*** Opening of Data provided ***

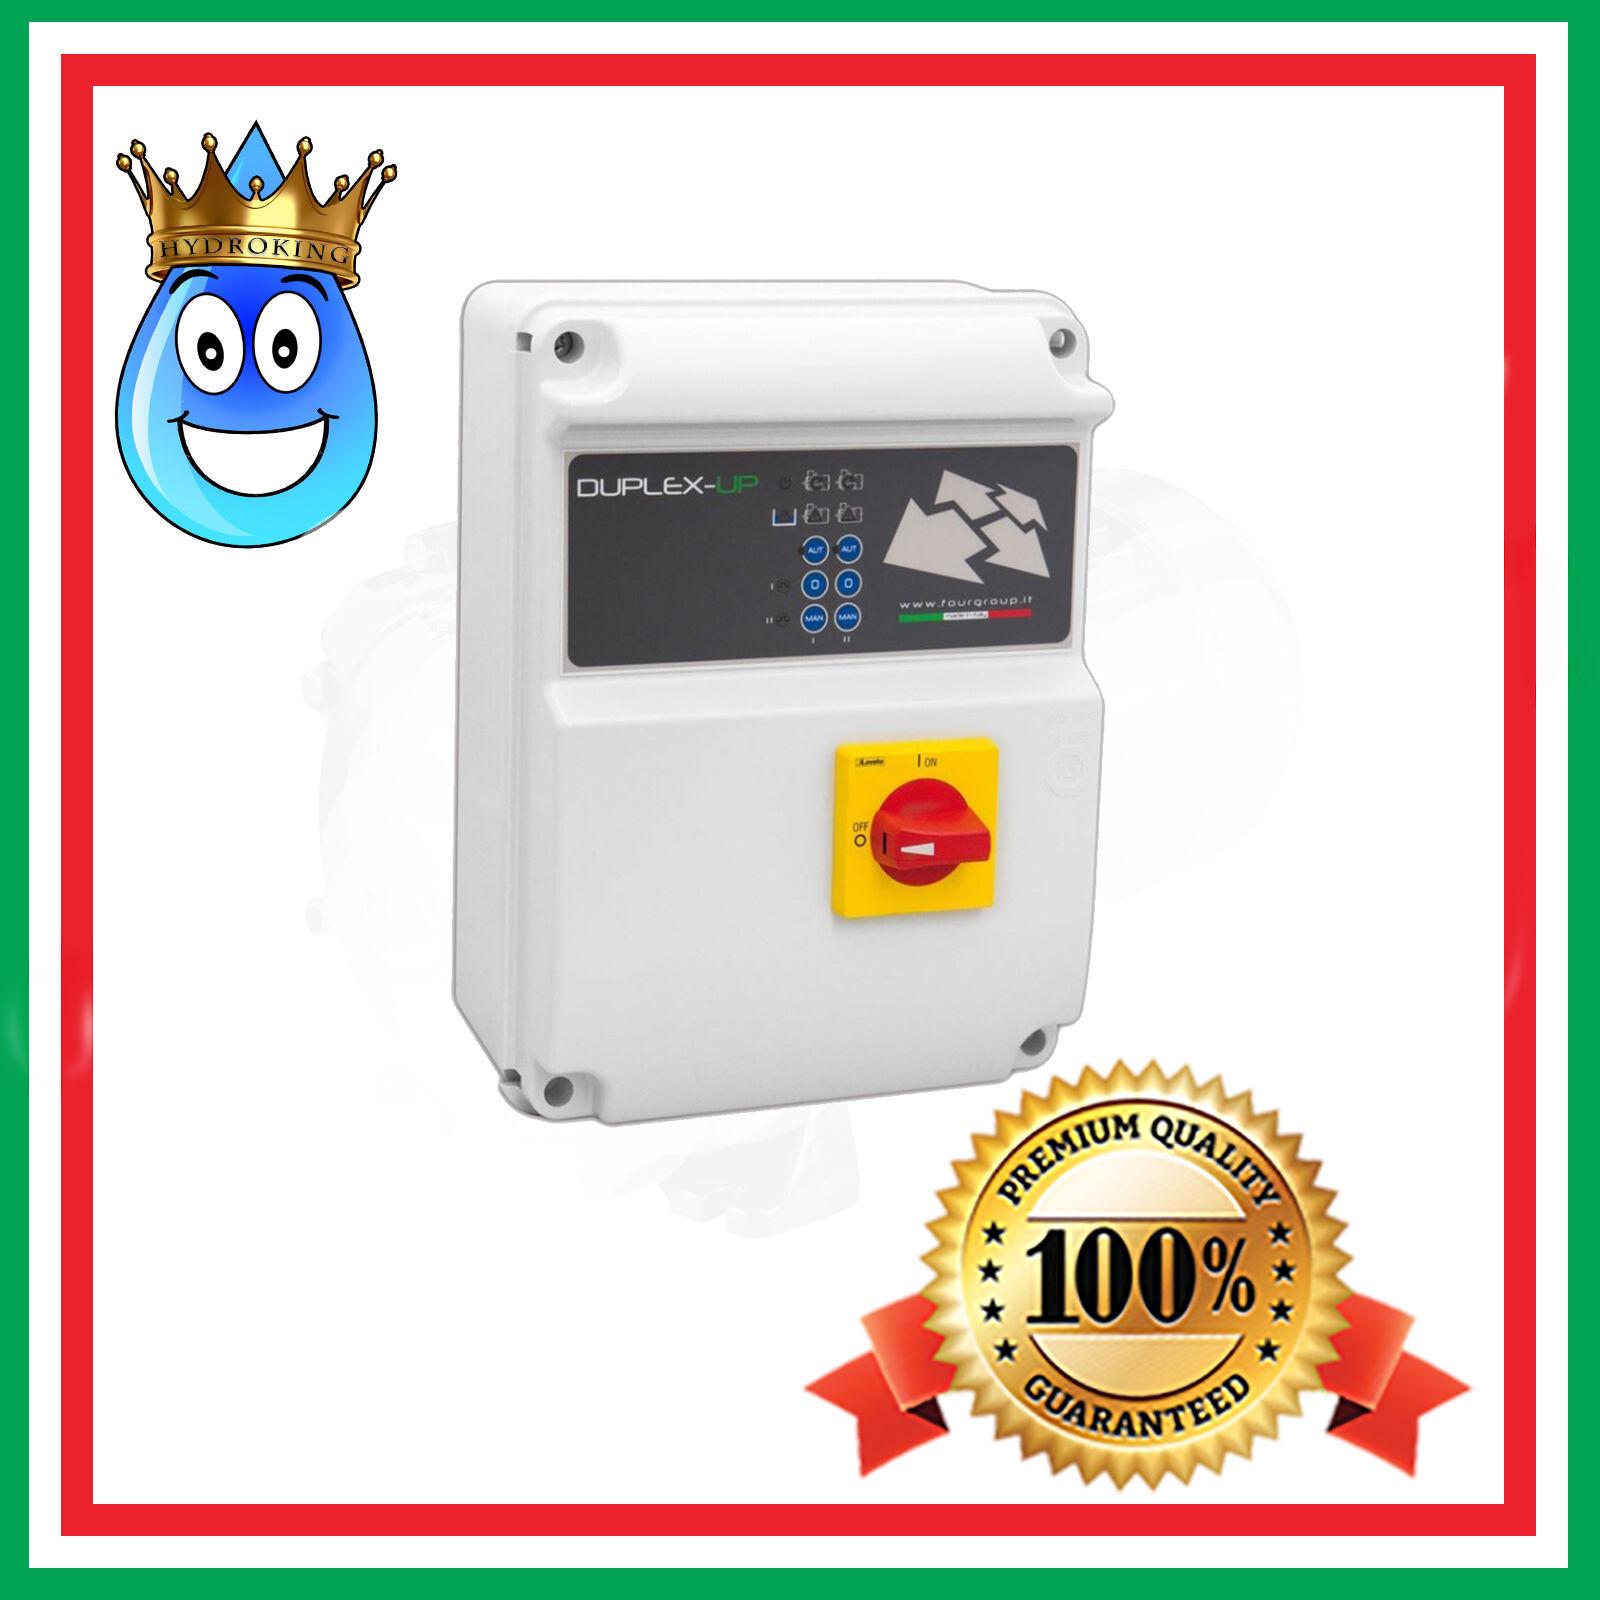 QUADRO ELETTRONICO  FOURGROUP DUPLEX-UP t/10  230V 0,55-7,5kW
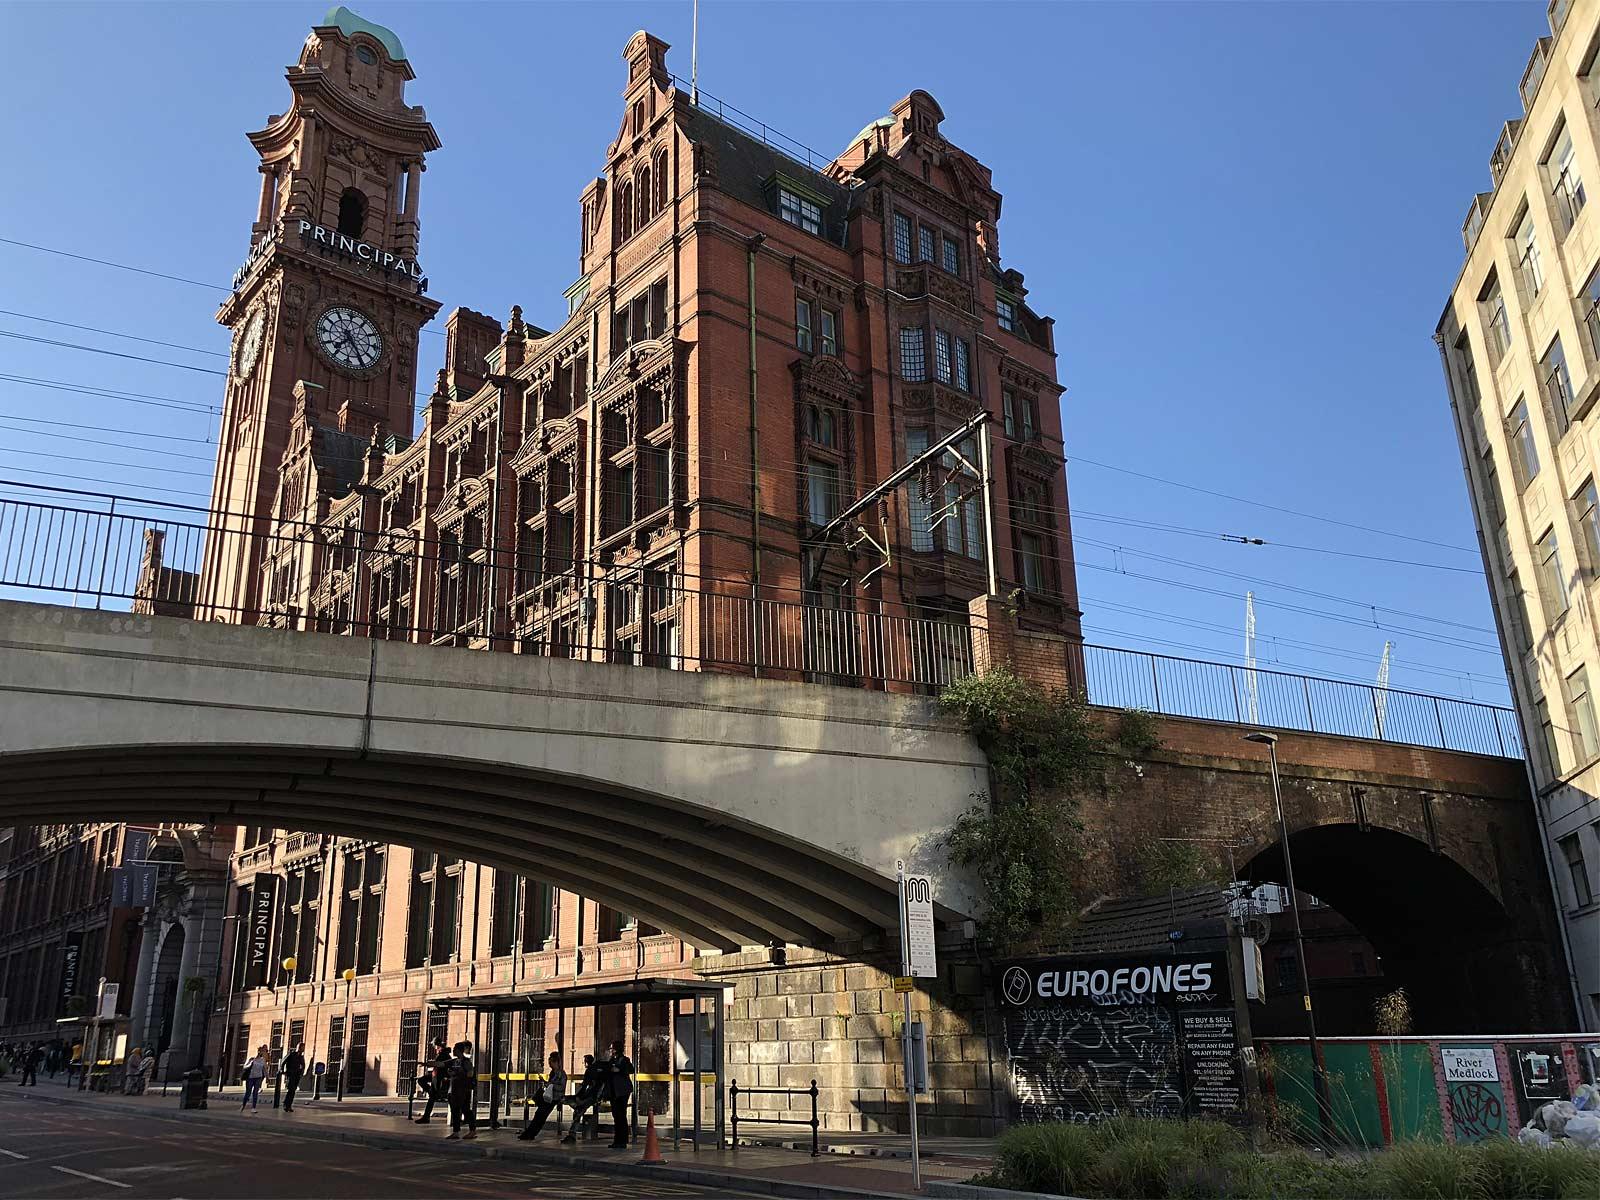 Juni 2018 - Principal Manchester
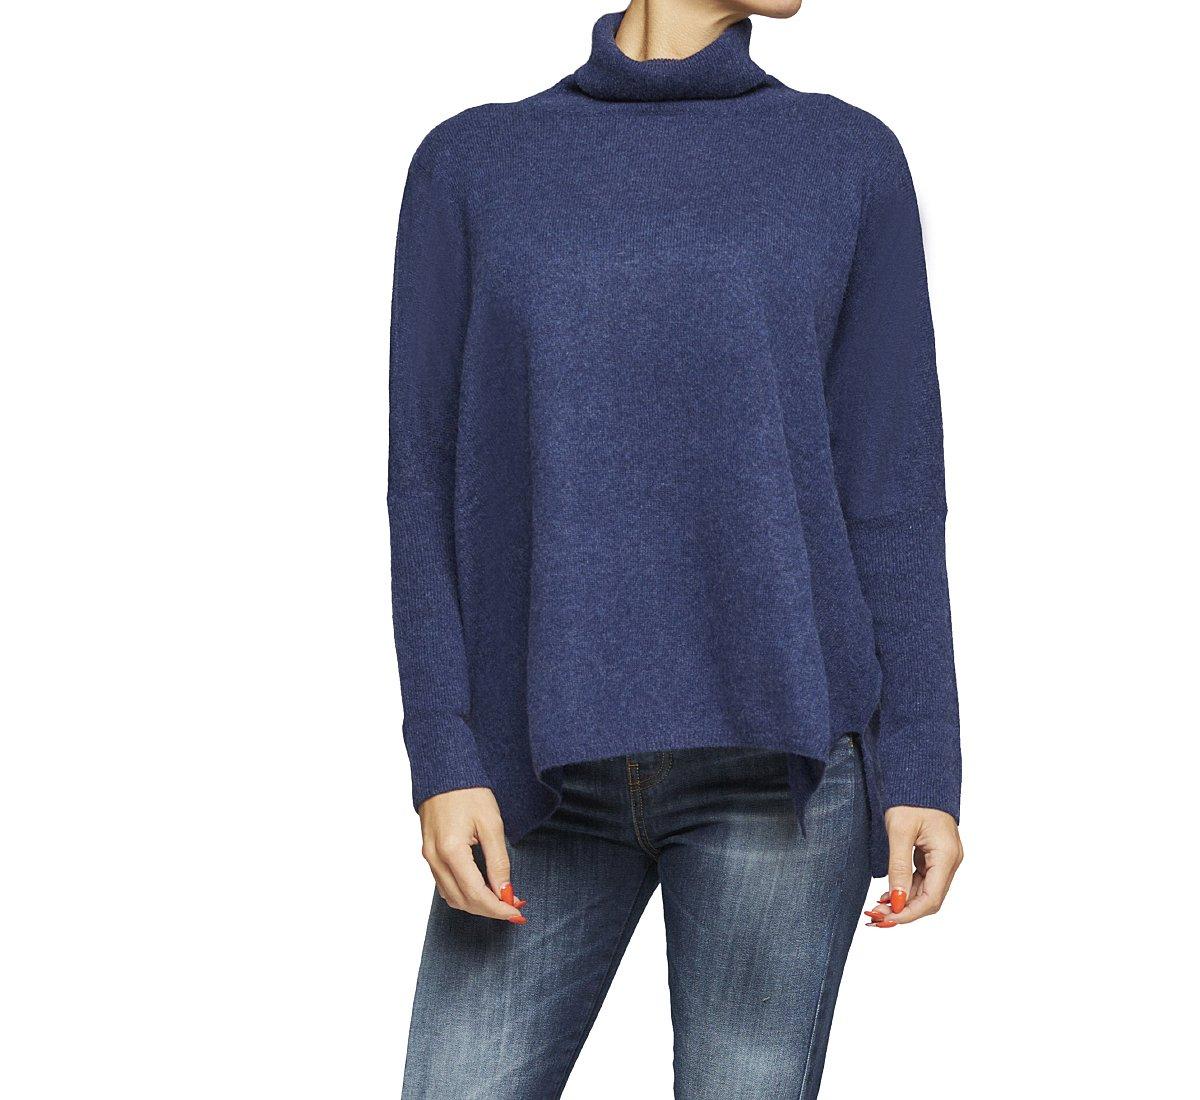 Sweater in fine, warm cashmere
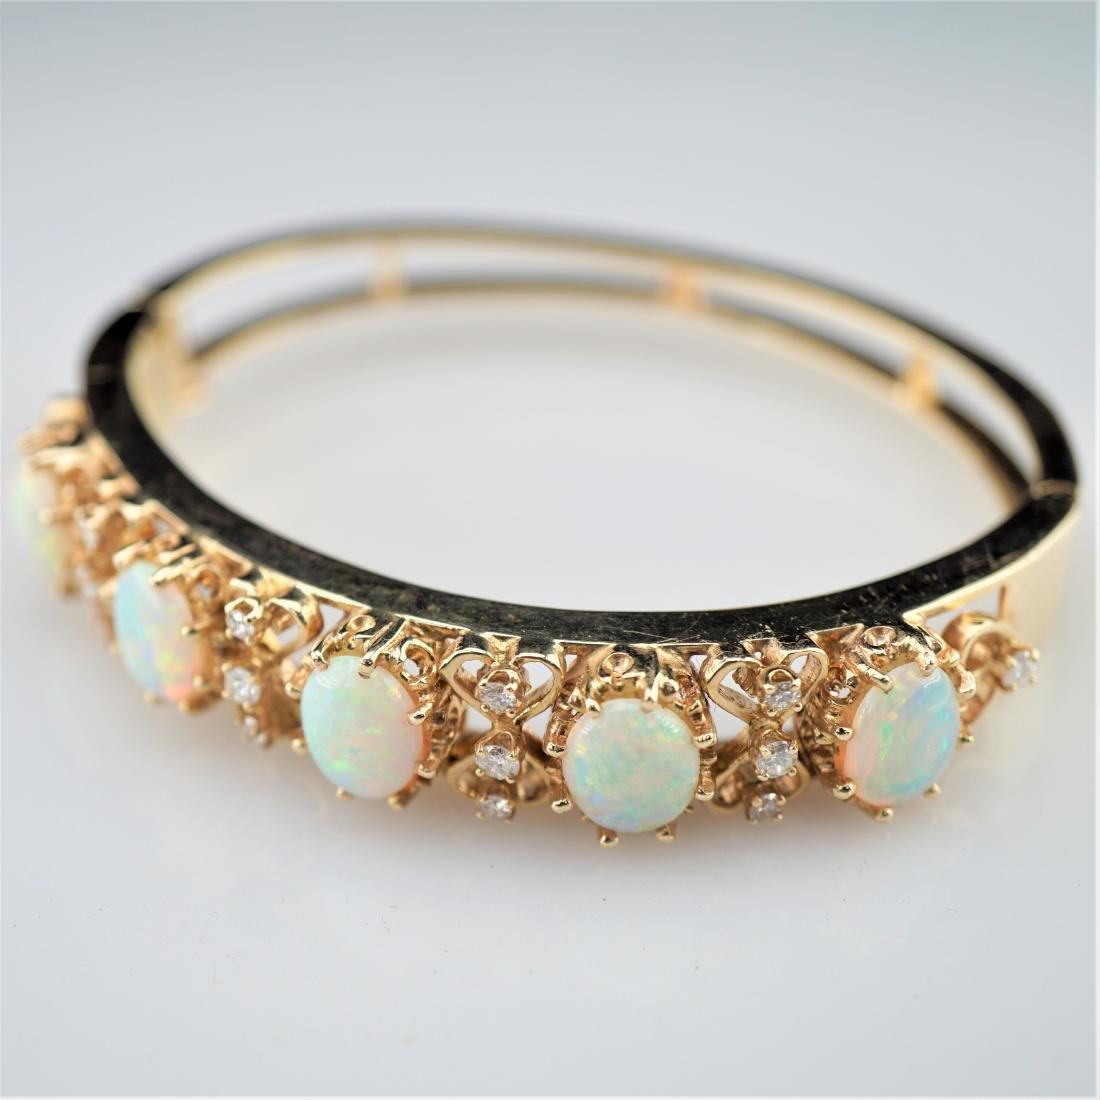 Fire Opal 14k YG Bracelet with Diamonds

*** Close of Data provided ***

Word for word, repeat the lines of data above, omitting every picture.

 QUADRO ELETTRONICO  FOURGROUP DUPLEX-UP t/10  230V 0,55-7,5kW
 Juni 2018 - Principal Manchester
 Sweater in fine, warm cashmere
 Fire Opal 14k YG Bracelet with Diamonds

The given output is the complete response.